Requirement: Only the lines below, from the one with "Insieme di grafici" through the one with "El chef italiano", are to be written out, exactly.
----
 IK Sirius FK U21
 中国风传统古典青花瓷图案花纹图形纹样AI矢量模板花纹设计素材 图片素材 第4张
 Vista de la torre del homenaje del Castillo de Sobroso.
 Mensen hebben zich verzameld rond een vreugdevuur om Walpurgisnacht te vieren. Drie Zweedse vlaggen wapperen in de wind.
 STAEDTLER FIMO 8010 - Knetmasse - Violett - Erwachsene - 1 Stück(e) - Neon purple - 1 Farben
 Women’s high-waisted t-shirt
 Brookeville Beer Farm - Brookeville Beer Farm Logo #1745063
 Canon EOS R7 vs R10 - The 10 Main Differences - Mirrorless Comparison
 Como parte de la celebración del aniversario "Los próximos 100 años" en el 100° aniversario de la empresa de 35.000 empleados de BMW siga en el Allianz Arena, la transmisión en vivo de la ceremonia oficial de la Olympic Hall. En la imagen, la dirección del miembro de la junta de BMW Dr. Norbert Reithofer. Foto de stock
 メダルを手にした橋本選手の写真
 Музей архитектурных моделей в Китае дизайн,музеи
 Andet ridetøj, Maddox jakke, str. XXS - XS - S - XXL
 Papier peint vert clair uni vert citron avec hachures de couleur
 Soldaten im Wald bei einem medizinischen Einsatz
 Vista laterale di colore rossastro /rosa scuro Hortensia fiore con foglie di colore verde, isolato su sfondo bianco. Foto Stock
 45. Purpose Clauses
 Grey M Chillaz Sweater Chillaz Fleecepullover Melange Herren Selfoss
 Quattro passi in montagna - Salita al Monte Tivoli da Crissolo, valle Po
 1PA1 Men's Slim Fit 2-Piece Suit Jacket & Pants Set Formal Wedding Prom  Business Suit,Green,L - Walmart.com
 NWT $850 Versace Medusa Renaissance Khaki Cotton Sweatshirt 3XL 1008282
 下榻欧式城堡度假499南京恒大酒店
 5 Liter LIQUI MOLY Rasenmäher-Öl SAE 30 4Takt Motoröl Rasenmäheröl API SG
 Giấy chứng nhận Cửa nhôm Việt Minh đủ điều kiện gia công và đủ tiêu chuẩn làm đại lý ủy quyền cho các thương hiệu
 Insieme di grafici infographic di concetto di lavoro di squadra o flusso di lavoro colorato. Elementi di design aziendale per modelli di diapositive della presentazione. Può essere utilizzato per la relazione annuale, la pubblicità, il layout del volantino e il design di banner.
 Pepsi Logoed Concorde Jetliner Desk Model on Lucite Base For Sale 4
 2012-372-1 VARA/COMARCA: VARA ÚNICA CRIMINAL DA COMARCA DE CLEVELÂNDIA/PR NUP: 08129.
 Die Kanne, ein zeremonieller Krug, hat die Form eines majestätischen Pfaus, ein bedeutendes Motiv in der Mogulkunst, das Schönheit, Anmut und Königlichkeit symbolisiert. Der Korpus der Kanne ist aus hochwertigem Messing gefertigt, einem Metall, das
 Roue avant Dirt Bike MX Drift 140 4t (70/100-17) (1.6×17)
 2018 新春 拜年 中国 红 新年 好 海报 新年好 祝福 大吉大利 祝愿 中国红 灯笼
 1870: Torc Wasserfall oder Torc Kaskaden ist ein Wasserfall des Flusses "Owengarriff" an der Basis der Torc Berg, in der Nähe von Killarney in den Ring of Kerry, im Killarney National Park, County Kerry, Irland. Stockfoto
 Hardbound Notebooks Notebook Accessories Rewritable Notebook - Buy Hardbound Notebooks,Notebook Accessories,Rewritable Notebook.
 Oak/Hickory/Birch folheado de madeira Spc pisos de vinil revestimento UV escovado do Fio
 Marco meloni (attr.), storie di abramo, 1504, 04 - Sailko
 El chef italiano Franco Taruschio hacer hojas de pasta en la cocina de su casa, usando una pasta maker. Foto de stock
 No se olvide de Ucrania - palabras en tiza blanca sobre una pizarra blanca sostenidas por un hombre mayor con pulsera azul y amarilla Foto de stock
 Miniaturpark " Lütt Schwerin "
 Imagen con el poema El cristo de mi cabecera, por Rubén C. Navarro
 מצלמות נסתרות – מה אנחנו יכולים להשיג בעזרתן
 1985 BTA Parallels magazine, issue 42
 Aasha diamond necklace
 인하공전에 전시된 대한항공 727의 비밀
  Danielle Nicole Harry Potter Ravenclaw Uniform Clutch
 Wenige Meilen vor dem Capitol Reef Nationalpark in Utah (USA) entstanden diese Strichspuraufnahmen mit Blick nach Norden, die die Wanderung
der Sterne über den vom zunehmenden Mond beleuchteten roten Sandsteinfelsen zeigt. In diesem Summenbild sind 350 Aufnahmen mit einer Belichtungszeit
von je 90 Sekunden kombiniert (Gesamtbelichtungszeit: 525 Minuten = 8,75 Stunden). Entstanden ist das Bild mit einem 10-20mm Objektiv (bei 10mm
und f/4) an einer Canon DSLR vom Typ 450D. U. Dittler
----
Answer:
 Insieme di grafici infographic di concetto di lavoro di squadra o flusso di lavoro colorato. Elementi di design aziendale per modelli di diapositive della presentazione. Può essere utilizzato per la relazione annuale, la pubblicità, il layout del volantino e il design di banner.
 Pepsi Logoed Concorde Jetliner Desk Model on Lucite Base For Sale 4
 2012-372-1 VARA/COMARCA: VARA ÚNICA CRIMINAL DA COMARCA DE CLEVELÂNDIA/PR NUP: 08129.
 Die Kanne, ein zeremonieller Krug, hat die Form eines majestätischen Pfaus, ein bedeutendes Motiv in der Mogulkunst, das Schönheit, Anmut und Königlichkeit symbolisiert. Der Korpus der Kanne ist aus hochwertigem Messing gefertigt, einem Metall, das
 Roue avant Dirt Bike MX Drift 140 4t (70/100-17) (1.6×17)
 2018 新春 拜年 中国 红 新年 好 海报 新年好 祝福 大吉大利 祝愿 中国红 灯笼
 1870: Torc Wasserfall oder Torc Kaskaden ist ein Wasserfall des Flusses "Owengarriff" an der Basis der Torc Berg, in der Nähe von Killarney in den Ring of Kerry, im Killarney National Park, County Kerry, Irland. Stockfoto
 Hardbound Notebooks Notebook Accessories Rewritable Notebook - Buy Hardbound Notebooks,Notebook Accessories,Rewritable Notebook.
 Oak/Hickory/Birch folheado de madeira Spc pisos de vinil revestimento UV escovado do Fio
 Marco meloni (attr.), storie di abramo, 1504, 04 - Sailko
 El chef italiano Franco Taruschio hacer hojas de pasta en la cocina de su casa, usando una pasta maker. Foto de stock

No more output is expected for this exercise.